___ Data extract
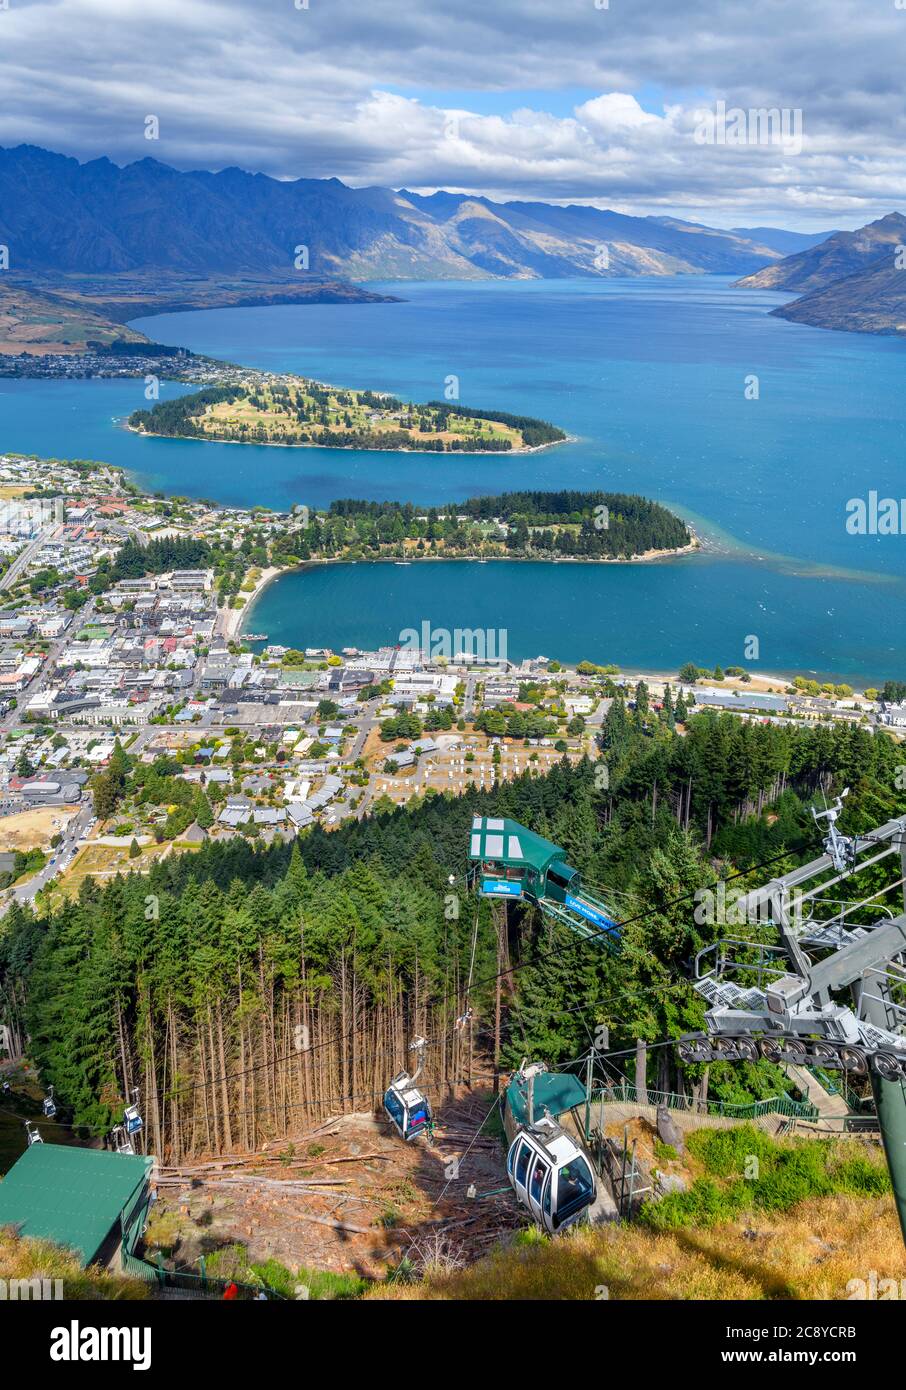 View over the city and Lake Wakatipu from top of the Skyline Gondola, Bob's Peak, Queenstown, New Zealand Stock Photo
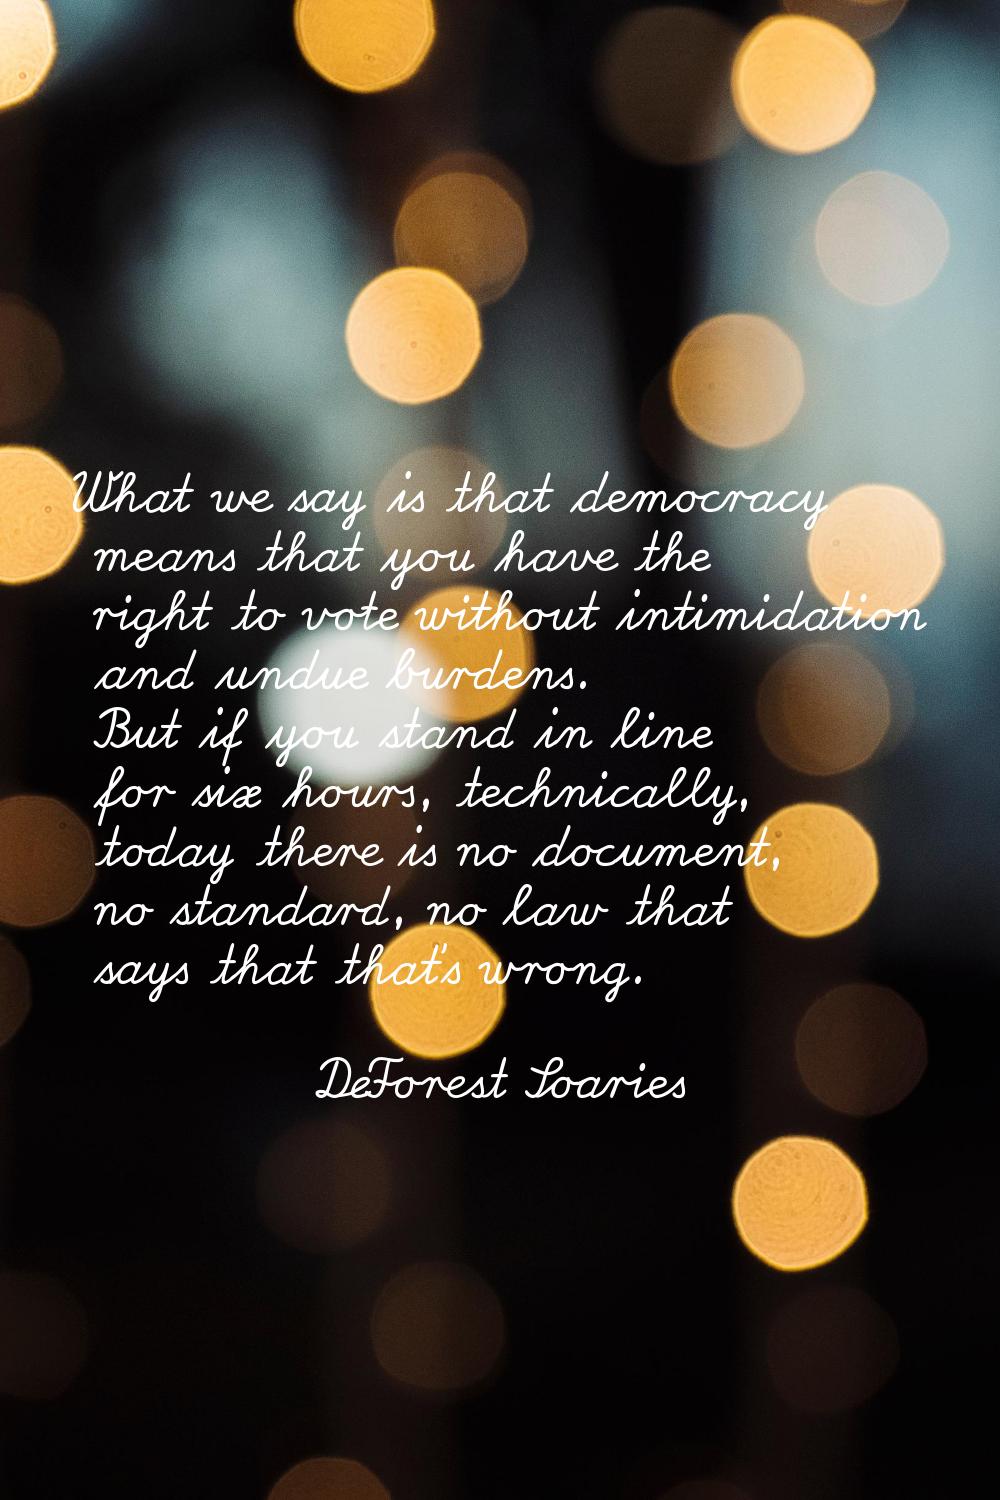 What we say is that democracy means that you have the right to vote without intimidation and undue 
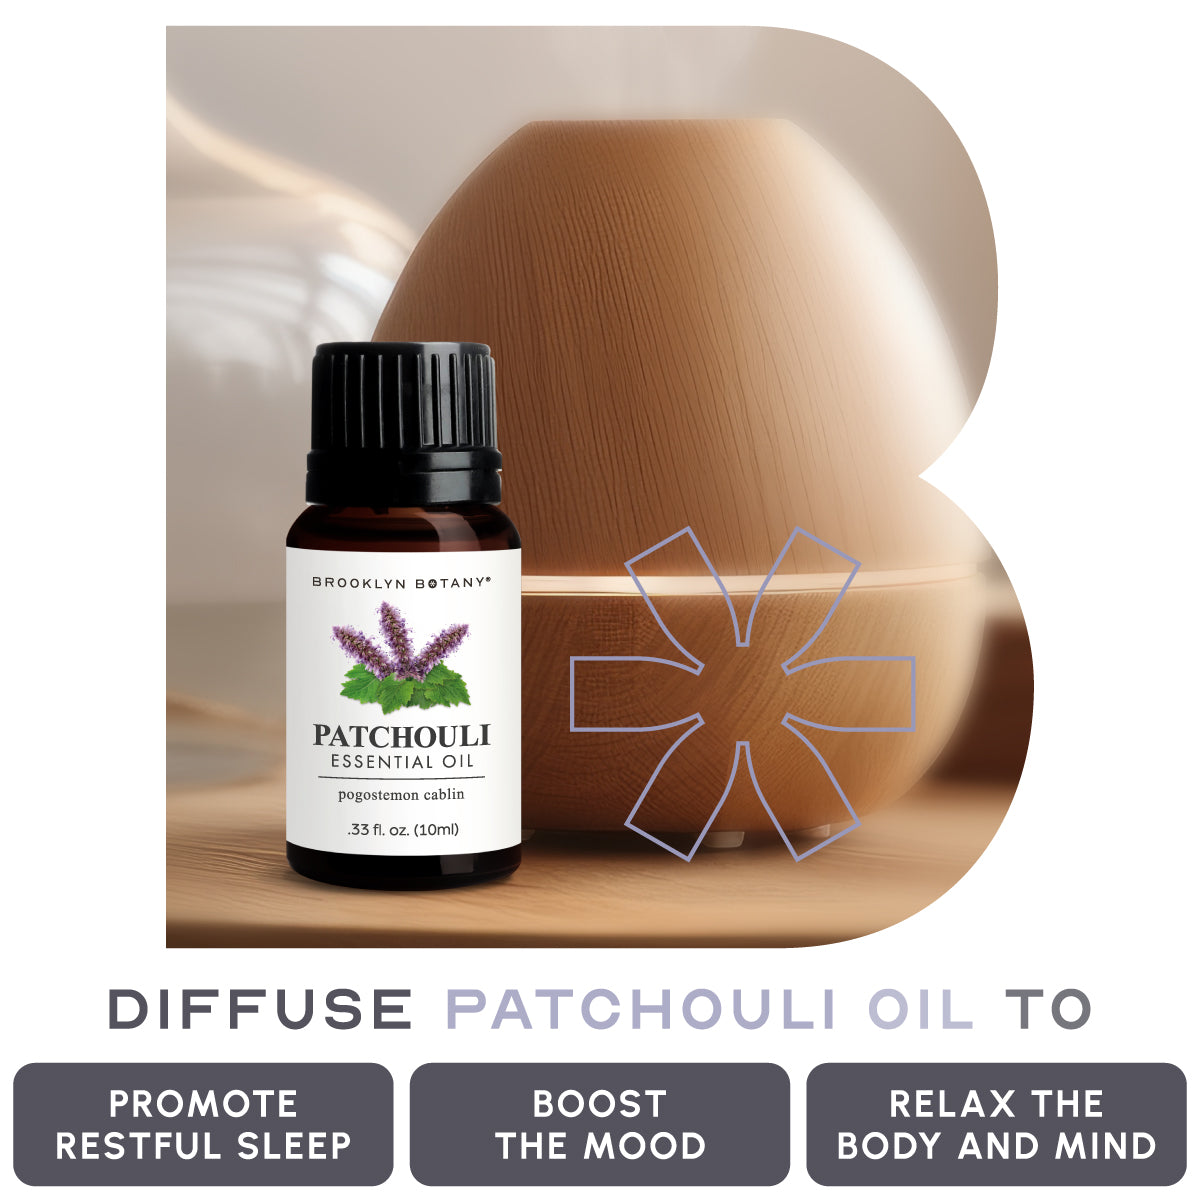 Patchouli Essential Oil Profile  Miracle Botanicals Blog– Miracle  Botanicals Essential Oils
______
Task objective
Output each of the lines above exactly, apart from the images.

Response below
 View over the city and Lake Wakatipu from top of the Skyline Gondola, Bob's Peak, Queenstown, New Zealand Stock Photo
 What we say is that democracy means that you have the right to vote without intimidation and undue 
 Patchouli Essential Oil Profile  Miracle Botanicals Blog– Miracle  Botanicals Essential Oils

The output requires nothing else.